Degrees of Annotation

From NCBO Wiki
Revision as of 15:15, 15 May 2006 by Cjm2 (talk | contribs)
(diff) ← Older revision | Latest revision (diff) | Newer revision → (diff)
Jump to navigation Jump to search

"Annotation" has various definitions. One of them (from wikipedia) is - Annotation is information associated with a particular point [or item] in a document or other piece of information.

In the context of the bio* domain, annotation referes to some descriptive text that assists in the interpretation of the primary information [about an item] at hand. There can be various levels of annotation for example:

  • If the assembled genome coming out of a sequence assembly program is the primary information then the assignment of "labels" such as 'start site', 'exon', 'intron' to different parts of the sequence is an annotation.
  • At the second level this annotation itself [the statement about the boundries of 'start site', 'exon', 'intron'] is a conceptual item called a gene. Which is further "annotated" to have a particular 'function' or 'location' in the cell.
  • At a still higher level this annotation [about the function or location] is an item that is "annotated" to be relevant only in a certain genetic or experimental context.

so defining the boundry between an information item (or data) and an annotation is dependent on the use case.

Note from cjm: I have minor disagreements with most of the above.
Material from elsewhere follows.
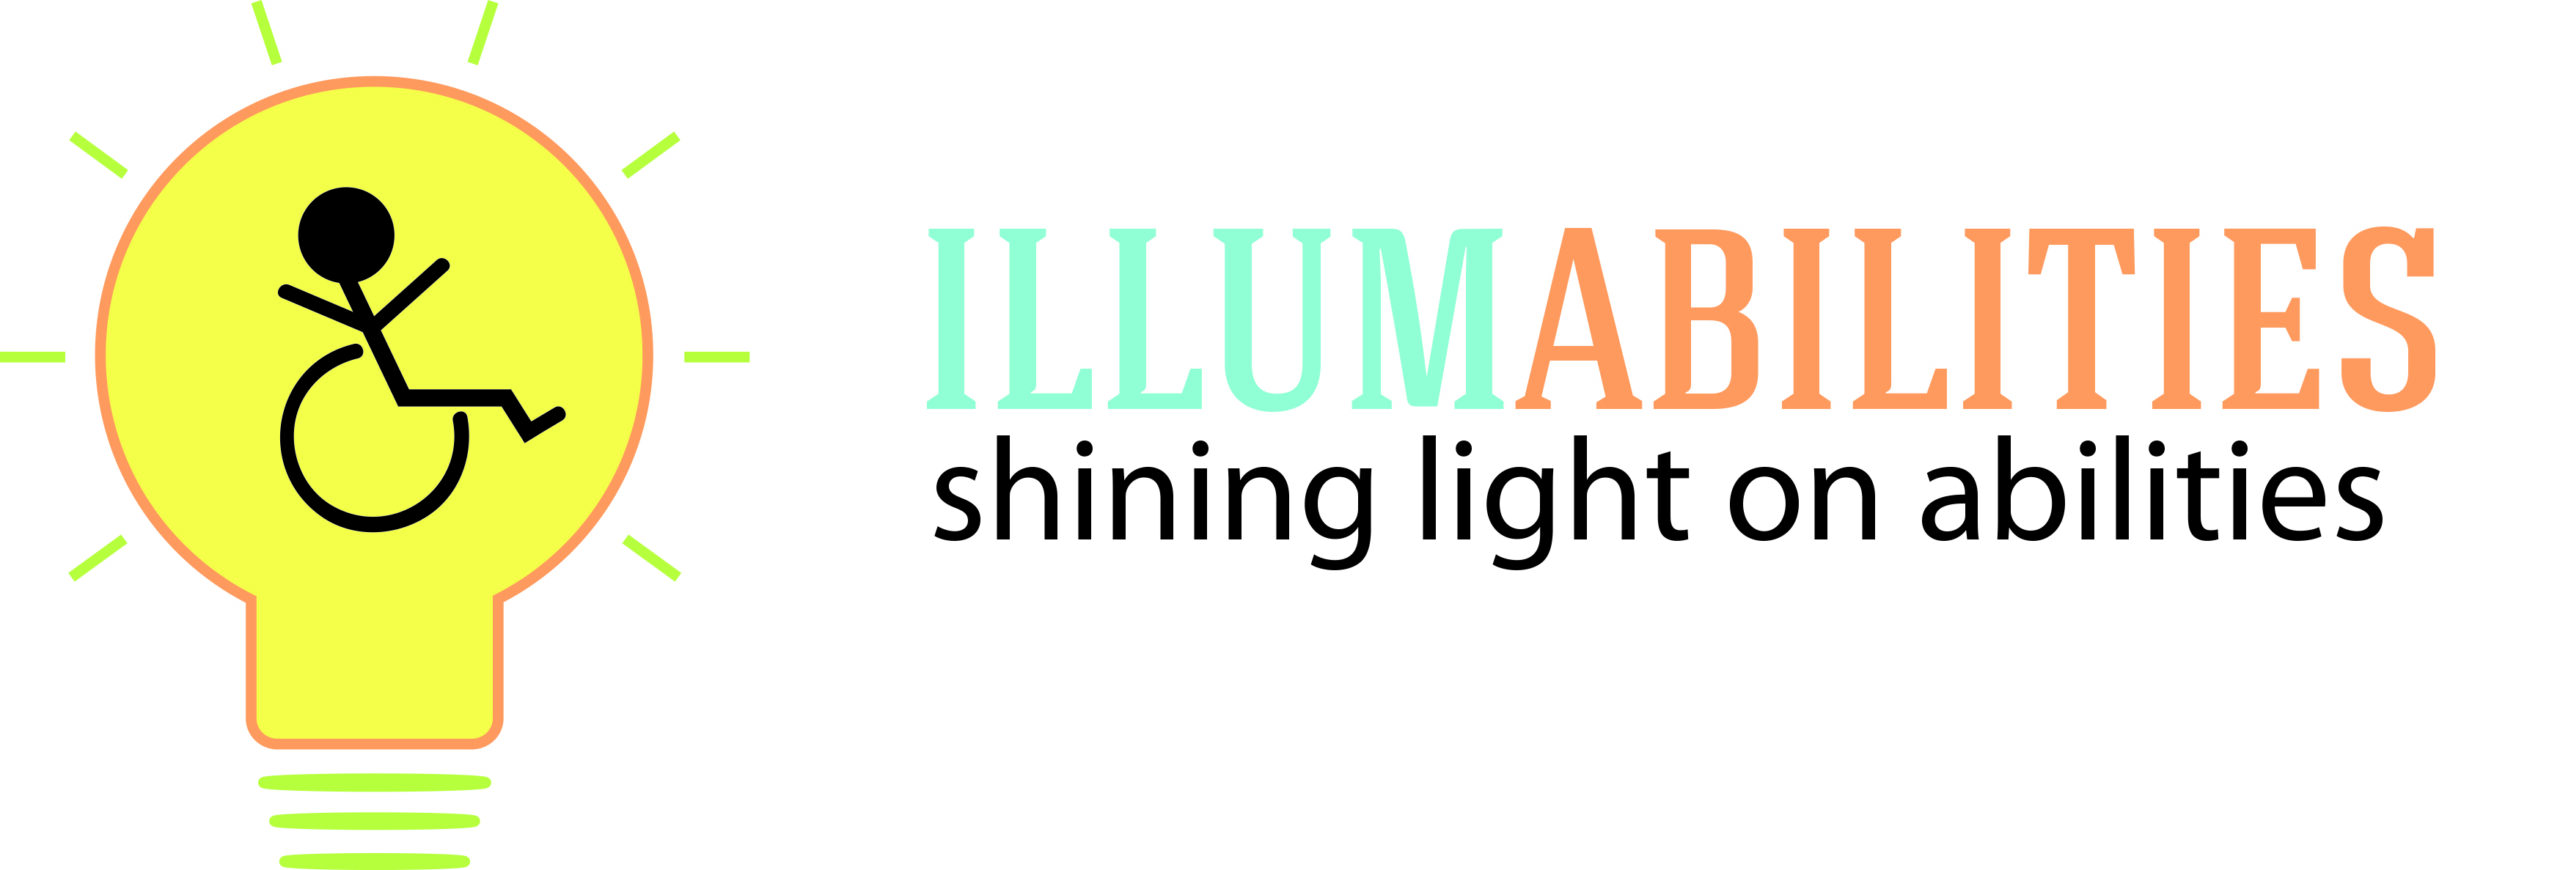 Illumabilities - Shining Light on Abilities.

I think in the bio* domain annotations are much more than descriptive text. It is typically highly structured data. I think this is glossing over a lot - from base calling through assemblies and compute pipelines (the results of which are sometimes called annotations, although the word is typically only used for human-curated data). As well as simply labeling, there is a lot more going on with annotating intron-exon structure before functional annotation even starts. Why are genes conceptual items and exons aren't? Not sure what the final point means. But yes, the basic idea that annotation refers to different things at different levels is correct, so we should ban use of the word annotation as it is inherently ambiguous.